When the Lutheran Book of Worship (LBW) came out in 1978, I’m told the idea was to create unity (conformity?) in worship among Lutherans. By which I mean that a Lutheran could walk into any Lutheran church in Canada (or the US) and have the same worship experience - hear the same liturgy, sing the same hymns. This, I was told, was meant to foster cohesiveness among Lutherans.
But I wonder if that was a worthy goal to begin with.
In seminary when we complained that using the LBW was too boring because it was too static, we were told to “look at the rubrics. There’s lots of ways to play around with the service to deal with the monotony.”
Rubrics, h’uh?
Now, it seems the wind has shifted. Lutherans now use a variety of resources to create worship experiences that meet local needs. I guess God is more interested in people using their creativity than in making sure we’re in lock step.
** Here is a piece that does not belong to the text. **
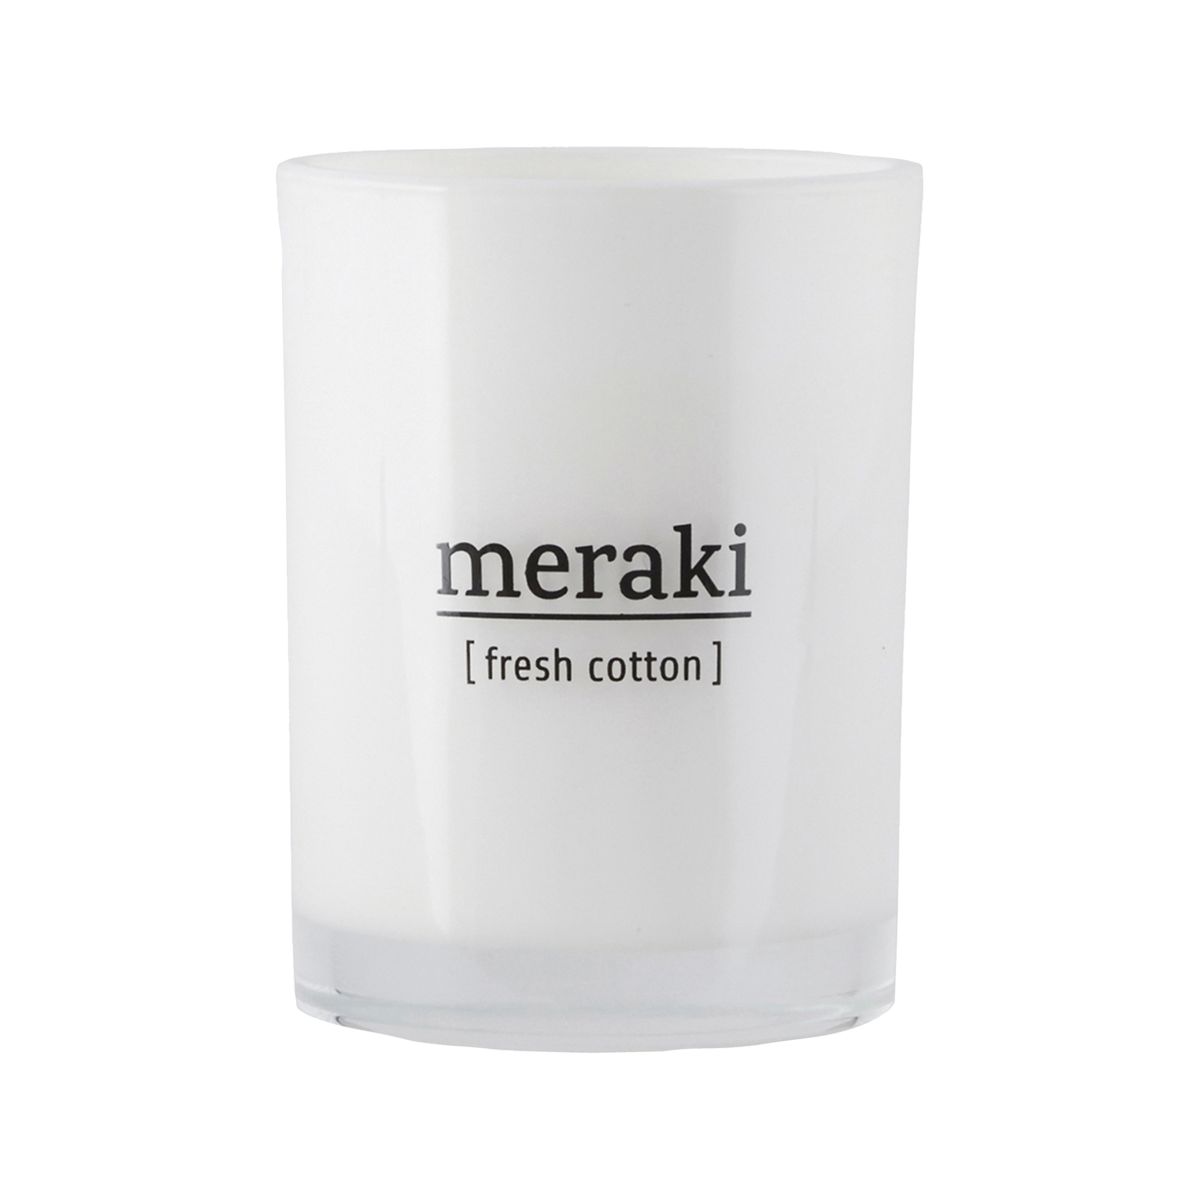 Scented candle, Meraki Fresh Cotton 12hr freeshipping - Generosa

But more than that, part of being Lutheran is the freedom to chart our own congregational course, with the Holy Spirit’s help. Especially in worship. Luther, apparently, encouraged congregations to create their own liturgies, lest the liturgy itself became a “work” or “law.”
That’s why I was a little concerned when the Evangelical Lutheran Worship came out. It seemed to me to be another grasp at conformity. Which, in a way, I guess it was. 2/3rds of the hymns can be found in the LBW. So, clearly, it was meant as a replacement to fulfill the same function as the earlier book.
But it looks to me now, that churches are using it as one resource among many. I know that’s how my congregation uses it.
However, we have a divided church. Much more divided than the ELCA. At least that’s how it looks to me (yesterday, the ELCA passed their Social Statement on Human Sexuality with a super majority of 60%. Only a third of elected delegates voted against it. The number would be higher in Canada.).
But I think what binds us together as Lutherans is our Christian freedom, the semi-autonomy of the local congregation. That is our strength.
It’s also why we fight.
But if we’re to re-claim the mission of the church, then we need the freedom to engage our own contexts in local ways, using local means. Just as God made each person unique, so God made each church. So, I think that God wants us be in mission in our own unique ways.
This may mean that some of institution will die. Our organization as a church body will change. Our roles will shift.
And this will hurt. But whoever said that God’s mission would be easy?